### MATERIAL PROVIDED
Start of Block

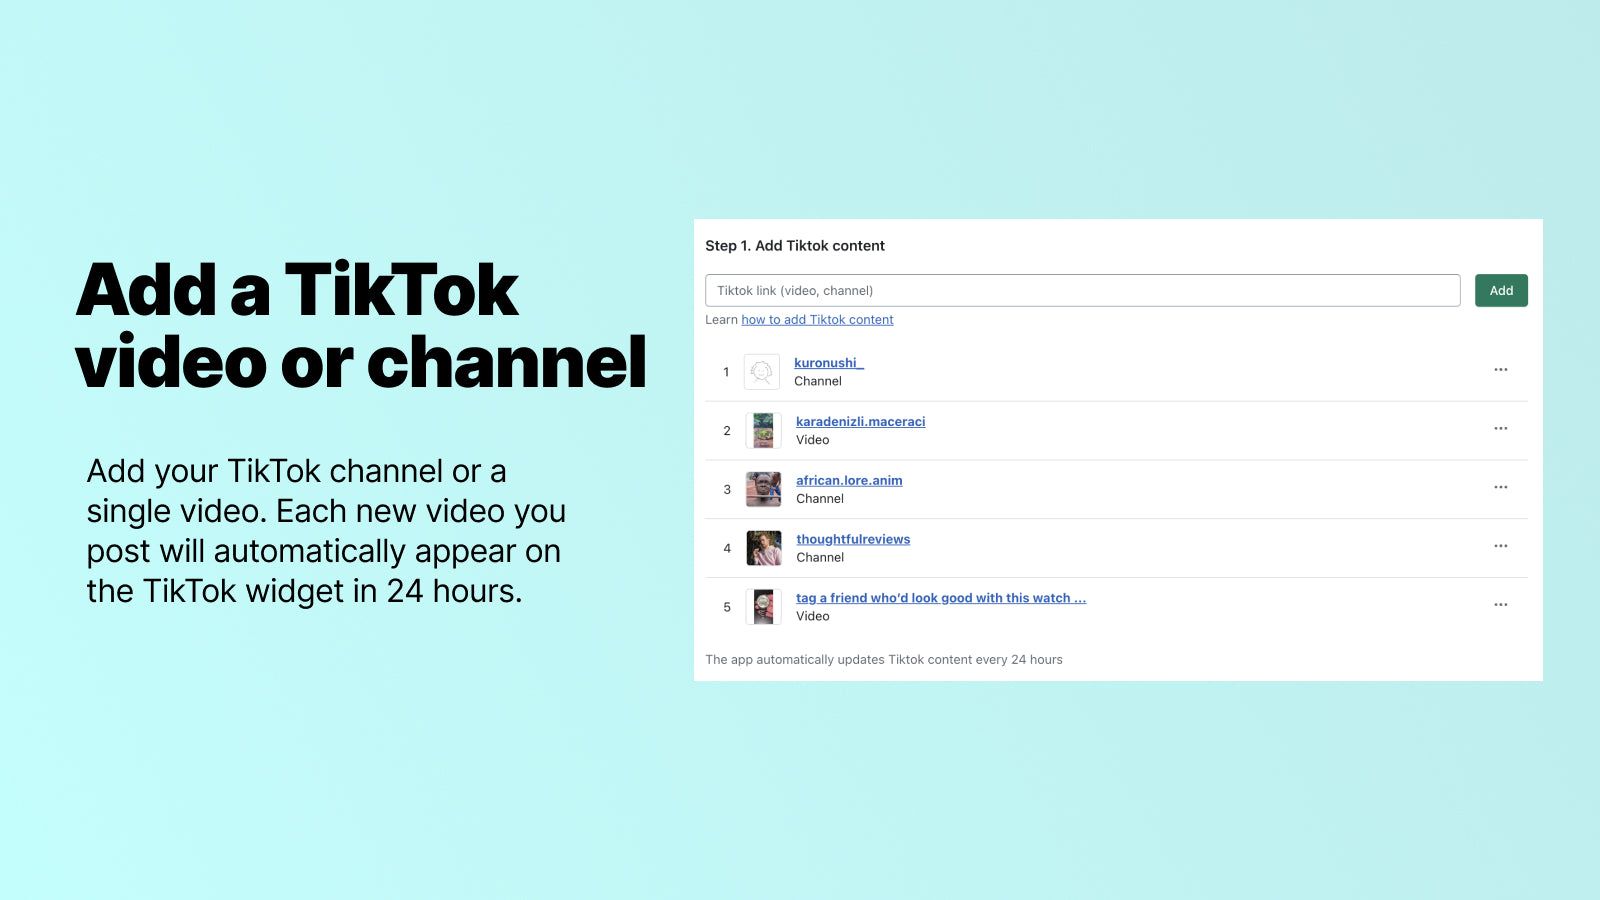 Add a TikTok channel or video
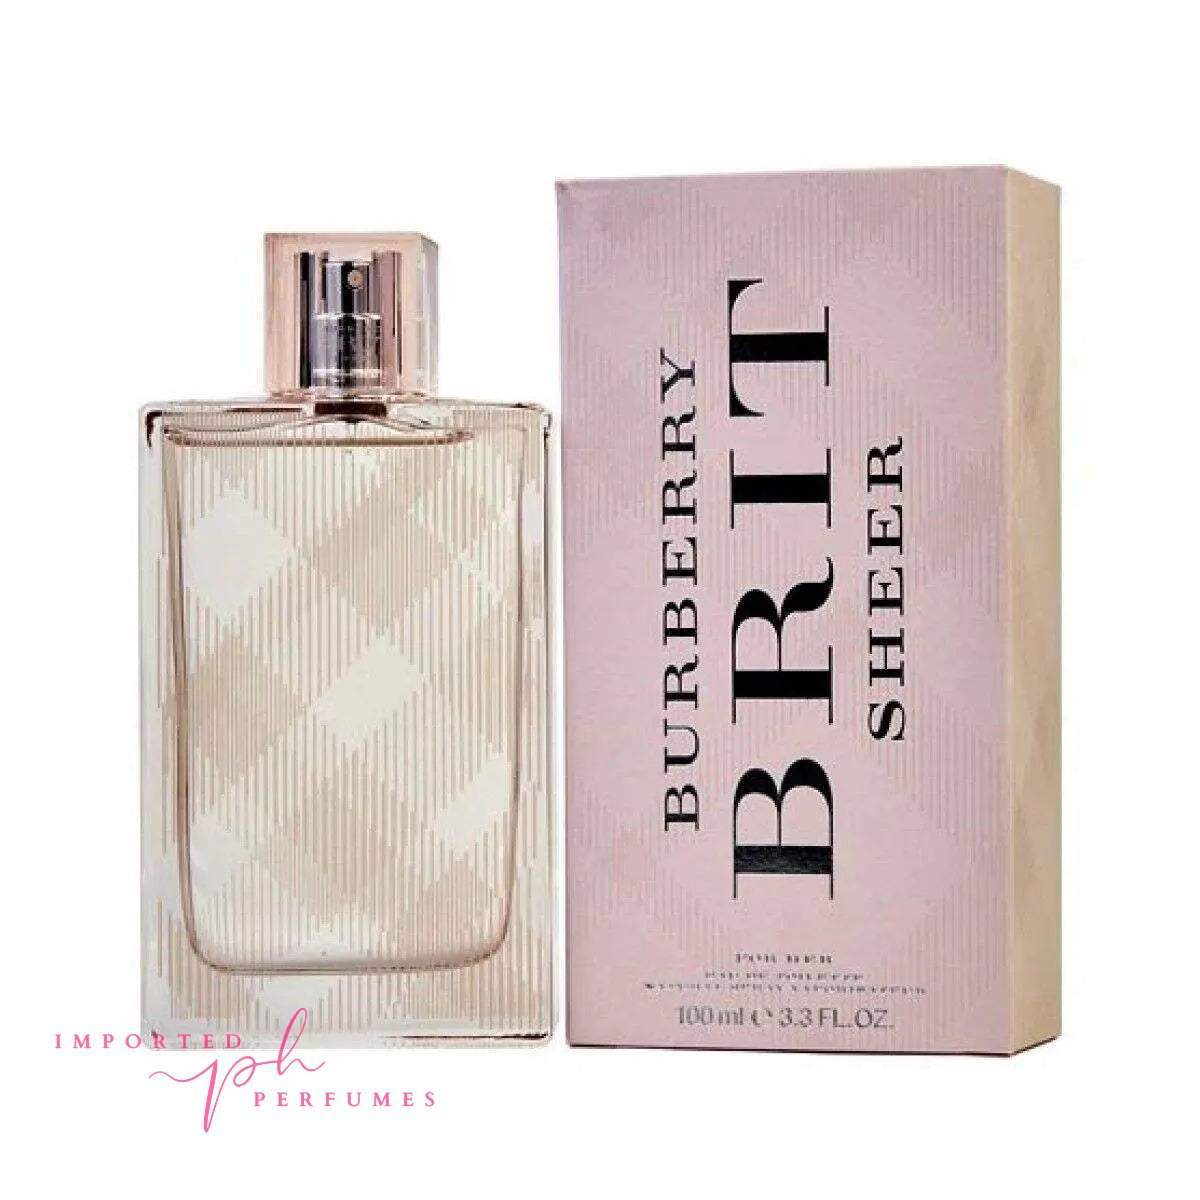 BURBERRY Brit Sheer Eau de Toilette For Her 100ml-Imported Perfumes Co-100ml,200ml,brit,burberry,women
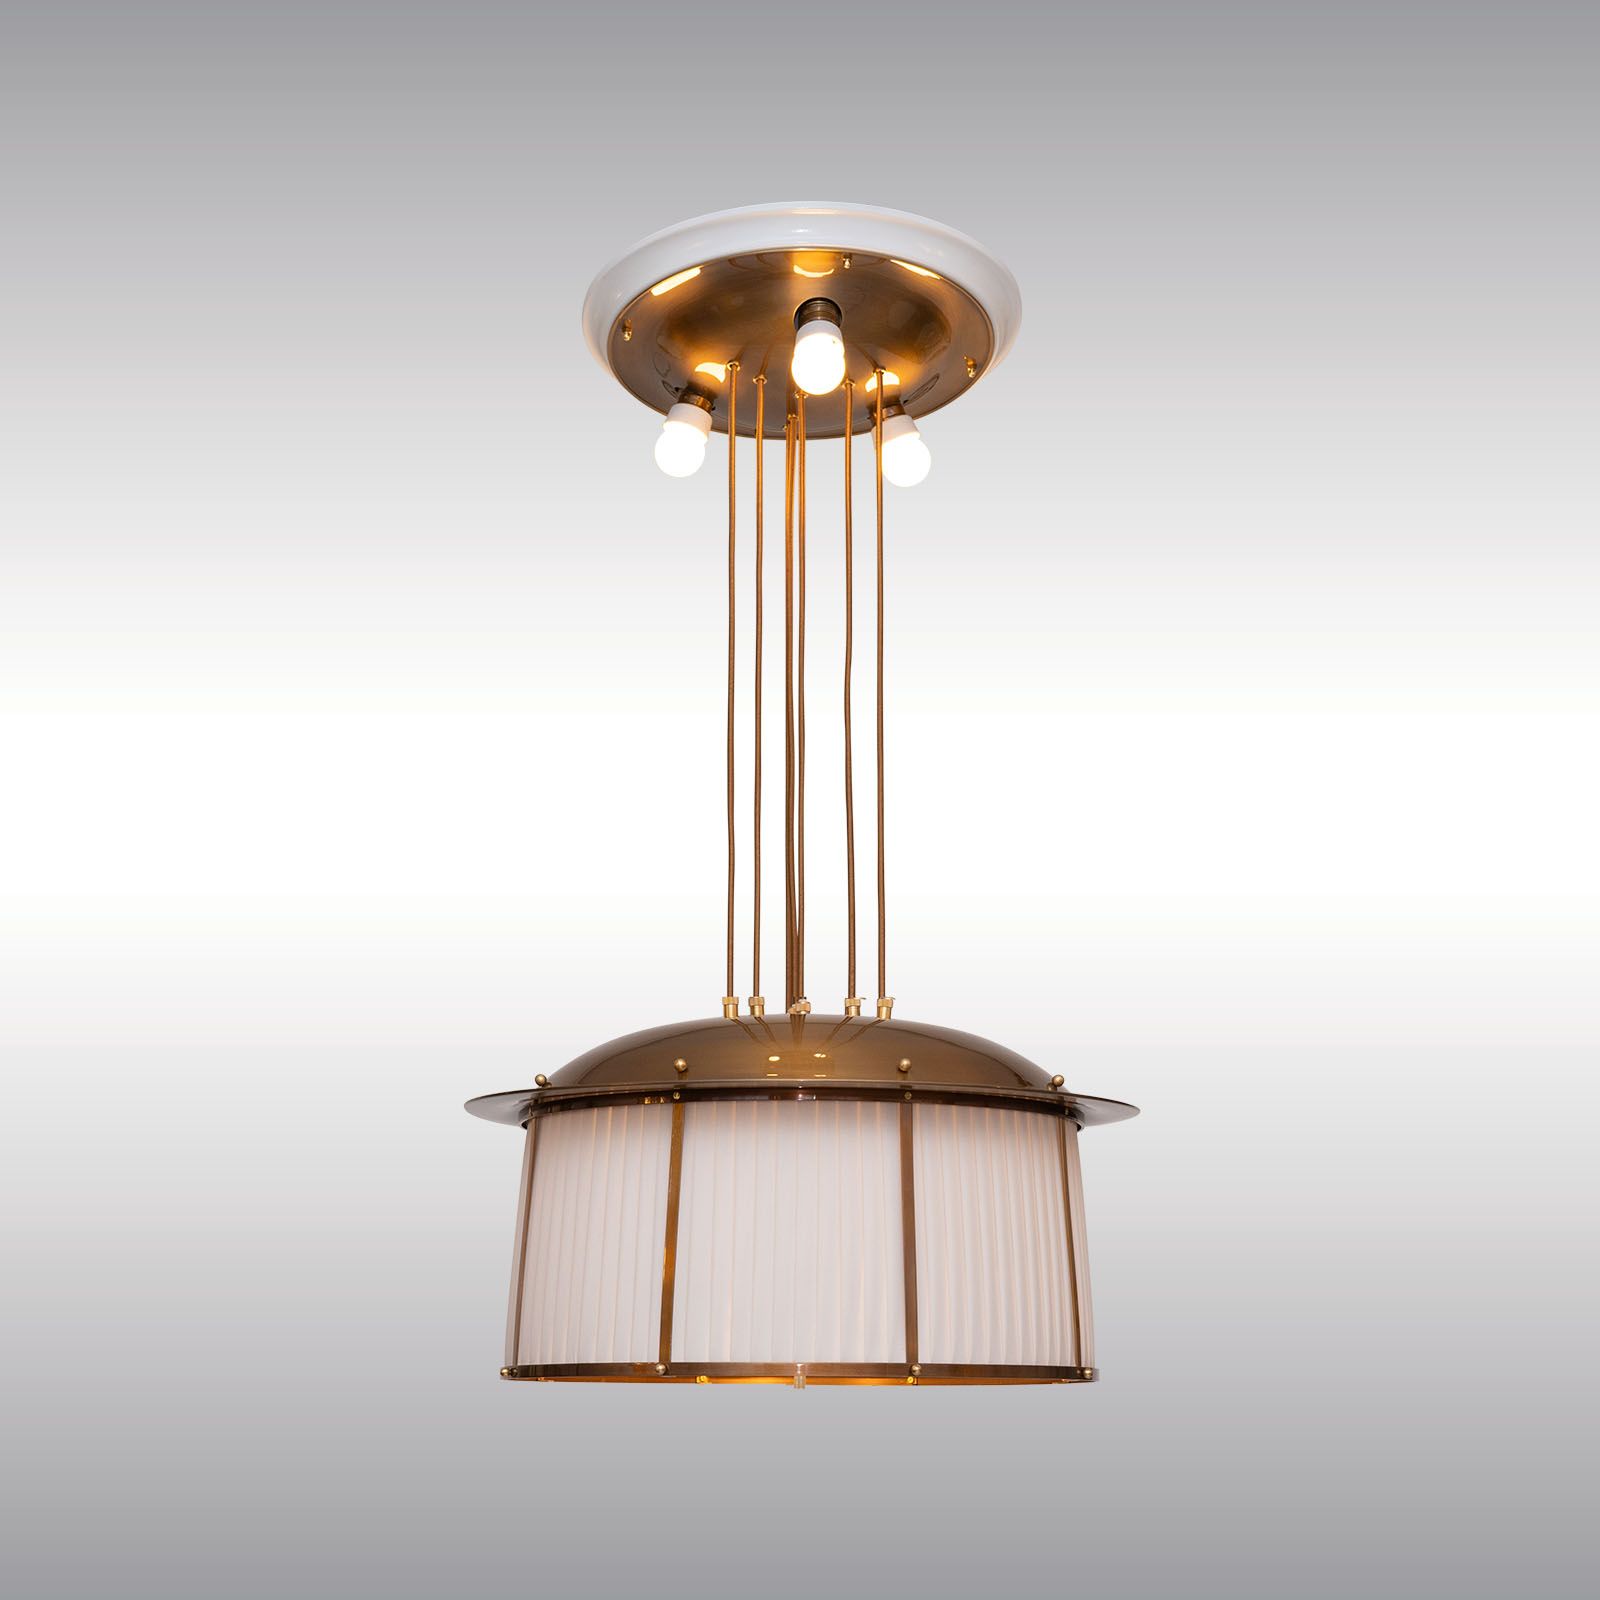 WOKA LAMPS VIENNA - OrderNr.: 20907|Pollak - Design: Josef Hoffmann

End of Block

### TASK DETAILS
Restate exactly, and only, the lines from the one that holds "BURBERRY Brit Sheer" down to the last line of the material above. Omit the pictures.

### TASK OUTPUT
 BURBERRY Brit Sheer Eau de Toilette For Her 100ml-Imported Perfumes Co-100ml,200ml,brit,burberry,women
 WOKA LAMPS VIENNA - OrderNr.: 20907|Pollak - Design: Josef Hoffmann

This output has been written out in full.